[Data for processing — start]

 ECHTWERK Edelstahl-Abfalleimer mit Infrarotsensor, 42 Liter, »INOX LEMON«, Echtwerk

[Data for processing — finish]
[Data for processing — start]

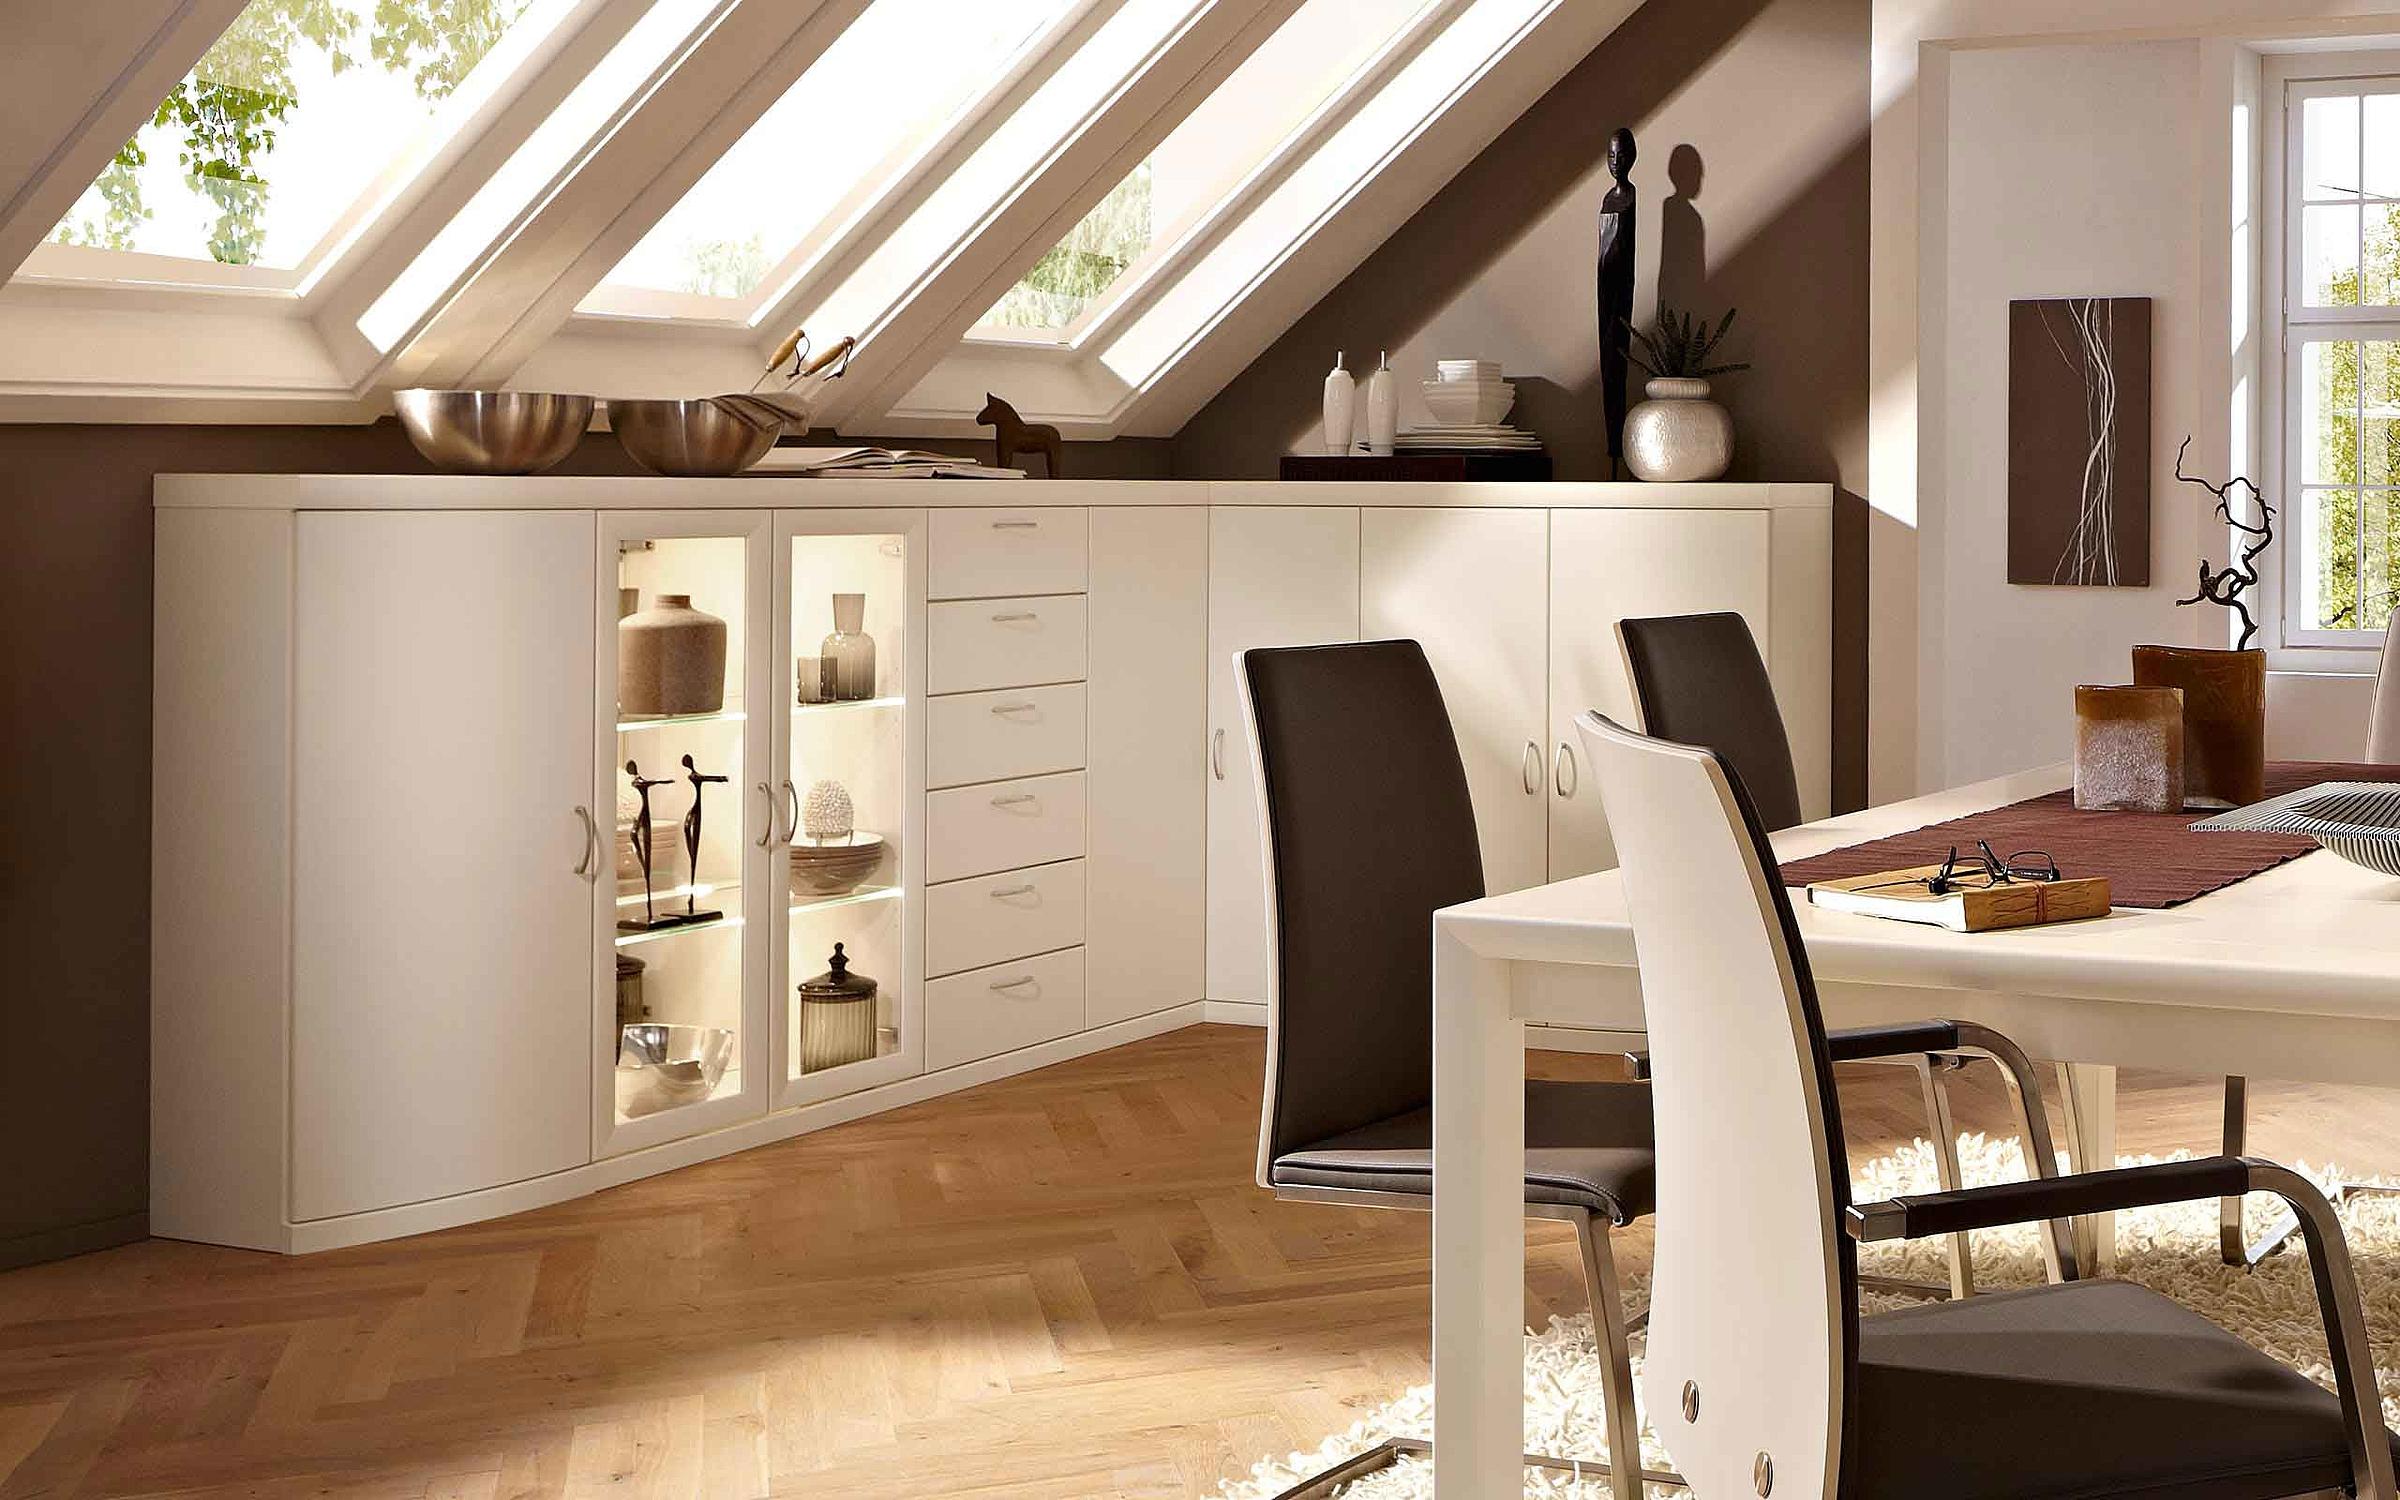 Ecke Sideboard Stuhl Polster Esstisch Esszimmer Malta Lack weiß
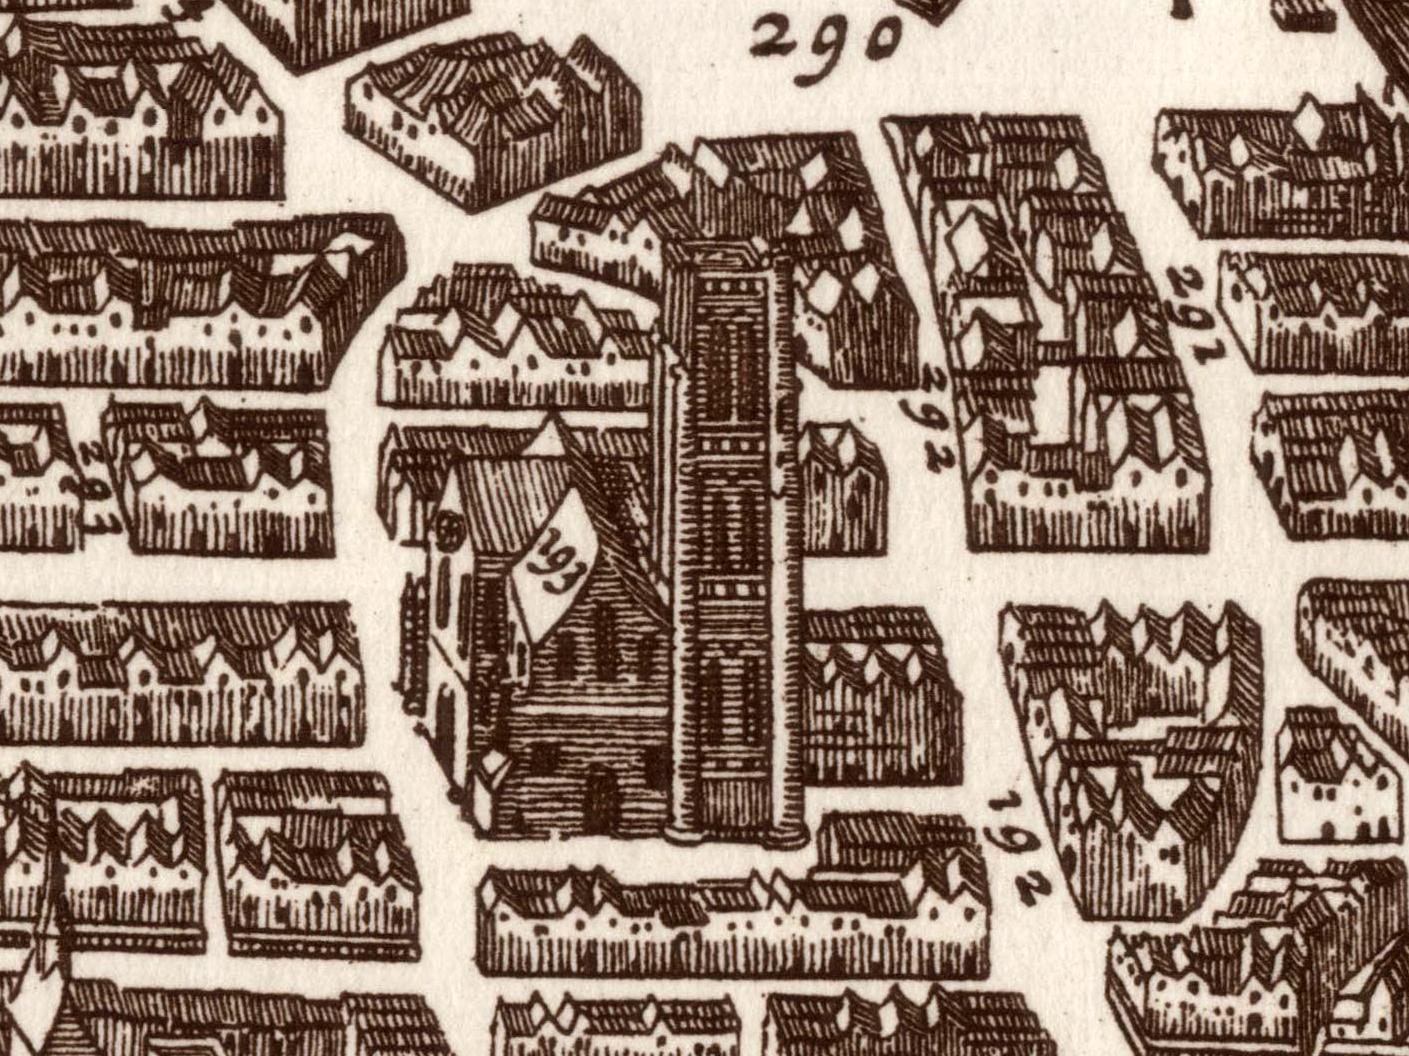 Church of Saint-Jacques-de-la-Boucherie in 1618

[Data for processing — finish]
[Data for processing — start]

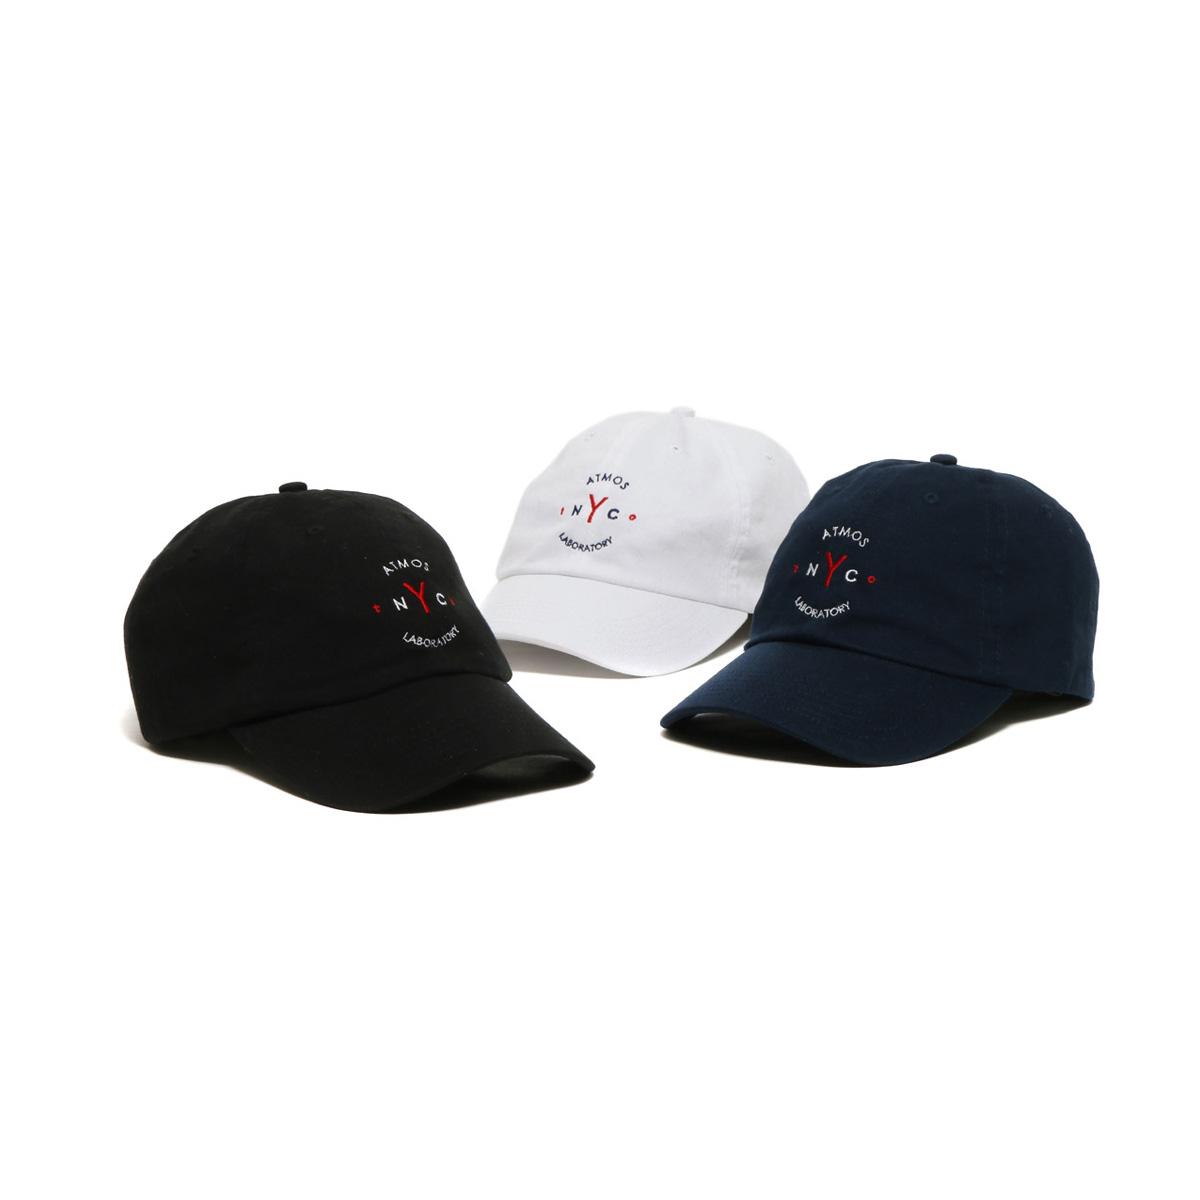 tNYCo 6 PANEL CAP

[Data for processing — finish]

• [What the exercise asks]: For this exercise, please set down exactly the lines of the listing above from the line with "Ecke Sideboard Stuhl" up to and including the line with "Church of Saint-Jacques-de-la-Boucherie", and no pictures.

• [Answer to the problem]:
 Ecke Sideboard Stuhl Polster Esstisch Esszimmer Malta Lack weiß
 Church of Saint-Jacques-de-la-Boucherie in 1618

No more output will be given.